Let me write the code a bit more explicit, so you can copy and paste it:

------------------------------------------
{-# LANGUAGE FlexibleContexts #-}

module Main where

import Text.Parsec

data Top = Top String deriving (Show)
data Content = Content String deriving (Show)
data Section = Section Top Content deriving (Show)

headline :: Stream s m Char => ParsecT s u m Top
headline = manyTill anyChar (char ':' >> newline) >>= return . Top

content :: Stream s m Char => ParsecT s u m Content
content = manyTill anyChar (try headline) >>= return . Content

section :: Stream s m Char => ParsecT s u m Section
section = do {h <- headline; c <- content; return (Section h c)}
------------------------------------------

Assume the following example text is stored in  "/tmp/test.txt":
---------------------------
top 1:

some text ... bla

top 2:

more text ... bla bla
---------------------------

Now I run the section parser in ghci against the above mentioned example
text stored in "/tmp/test.txt":

*Main> parseFromFile section "/tmp/test.txt"
Right (Section (Top "top 1") (Content ""))

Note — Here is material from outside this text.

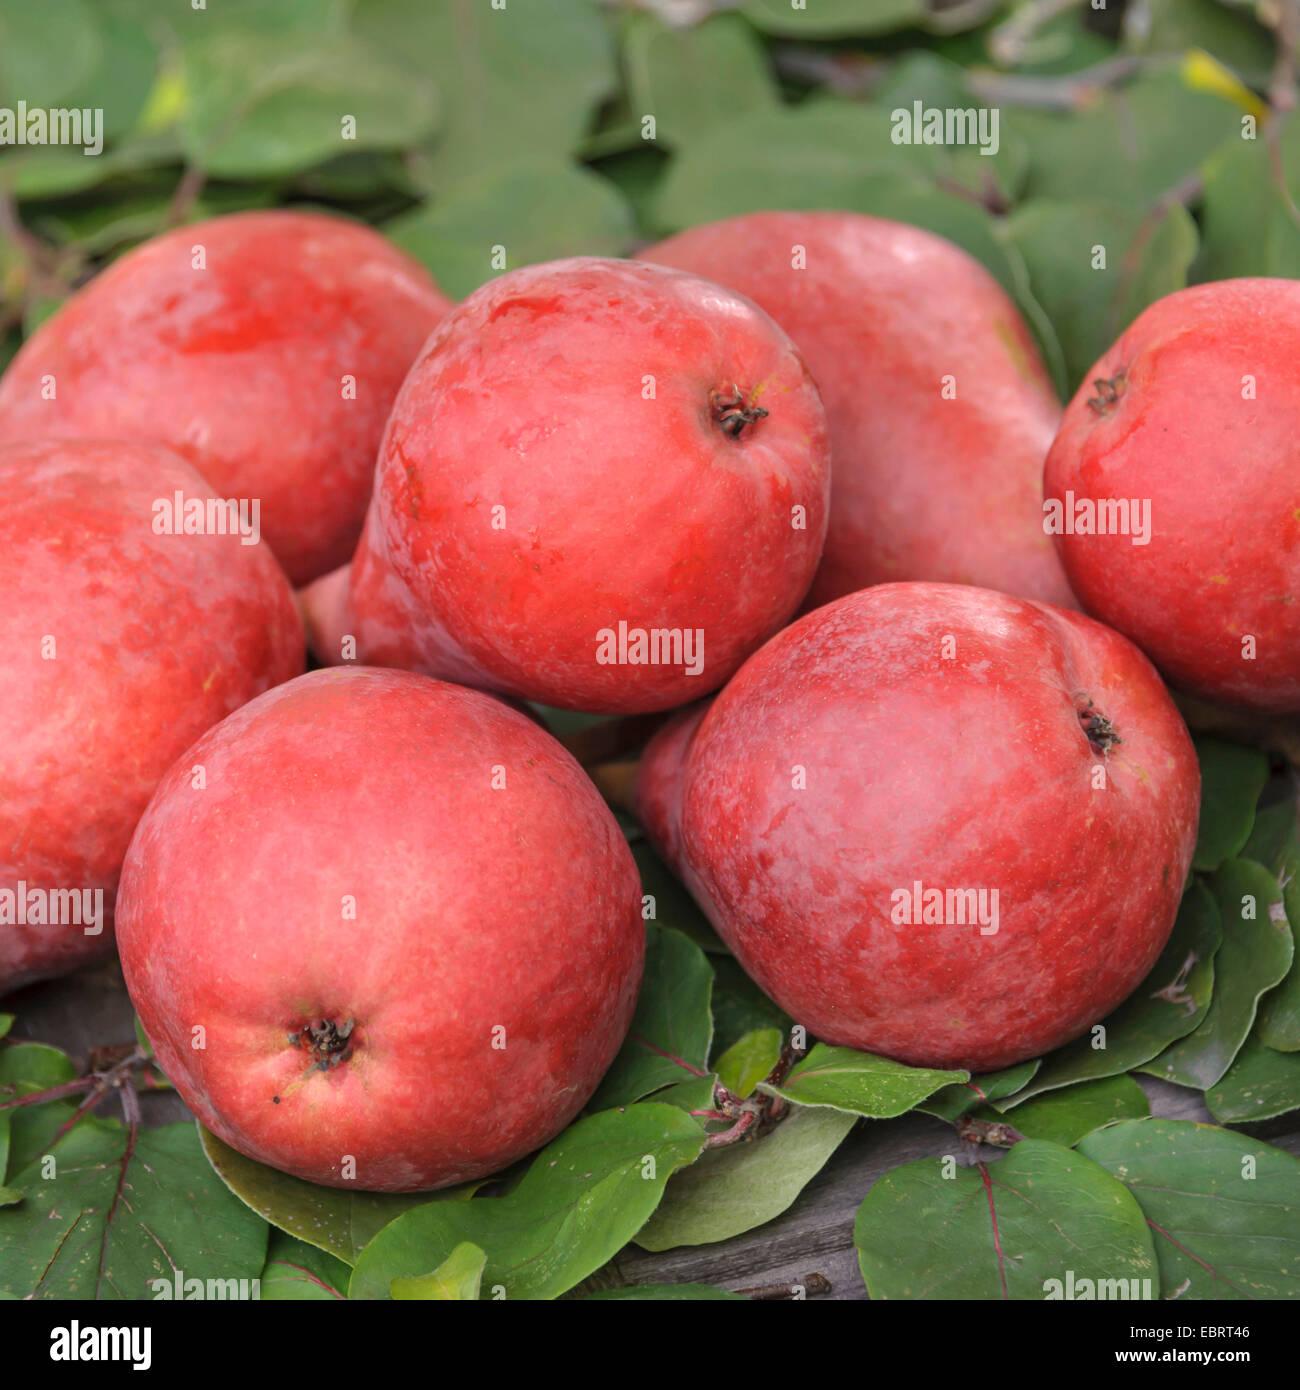 Common pear (Pyrus communis 'Starkrimson', Pyrus communis Starkrimson), pears of cultivar Starkrimson - Stock Image

I don't understand the behaviour of the content parser here. Why does it
return ""? Or perhaps more generally, I don't understand the manyTill
combinator (though I read the docs).

Side remark: of cause for this little task it is probably to much effort to
use parsec. However, my content in fact has an internal structure which I
would like to parse further, but I deliberately abstracted from these
internals as they don't effect my above stated problem.

Immanuel

2013/3/3 Andrey Chudnov 
...
Immanuel,
Since a heading always starts with a new line (and ends with a colon
followed by a carriage return or just a colon?), I think it might be useful
to first separate the input into lines and then classify them depending on
whether it's a heading or not and reassemble them into the value you need.
You don't even need parsec for that.
However, if you really want to use parsec, you can write something like
(warning, not tested):
many $ liftM2 Section headline content
   where headline = anyChar `manyTill` (char ':' >> spaces >> newline)
               content  = anyChar `manyTill` (try $ newline >> headline)
/Andrey
On 3/3/2013 10:44 AM, Immanuel Normann wrote:
...
I am trying to parse a semi structured text with parsec that basically
should identify sections. Each section starts with a headline and has an
unstructured content - that's all. For instance, consider the following
example text (inside the dashed lines):
---------------------------
top 1:
some text ... bla
top 2:
more text ... bla bla
---------------------------
This should be parsed into a structure like this:
[Section (Top 1) (Content "some text ... bla"), Section (Top 1) (Content
"more text ... bla")]
Say, I have a parser "headline", but the content after a headline could
be anything that is different from what "headline" parses.
How could the "section" parser making use of "headline" look like?
My idea would be to use the "manyTill" combinator, but I don"t find an
easy solution.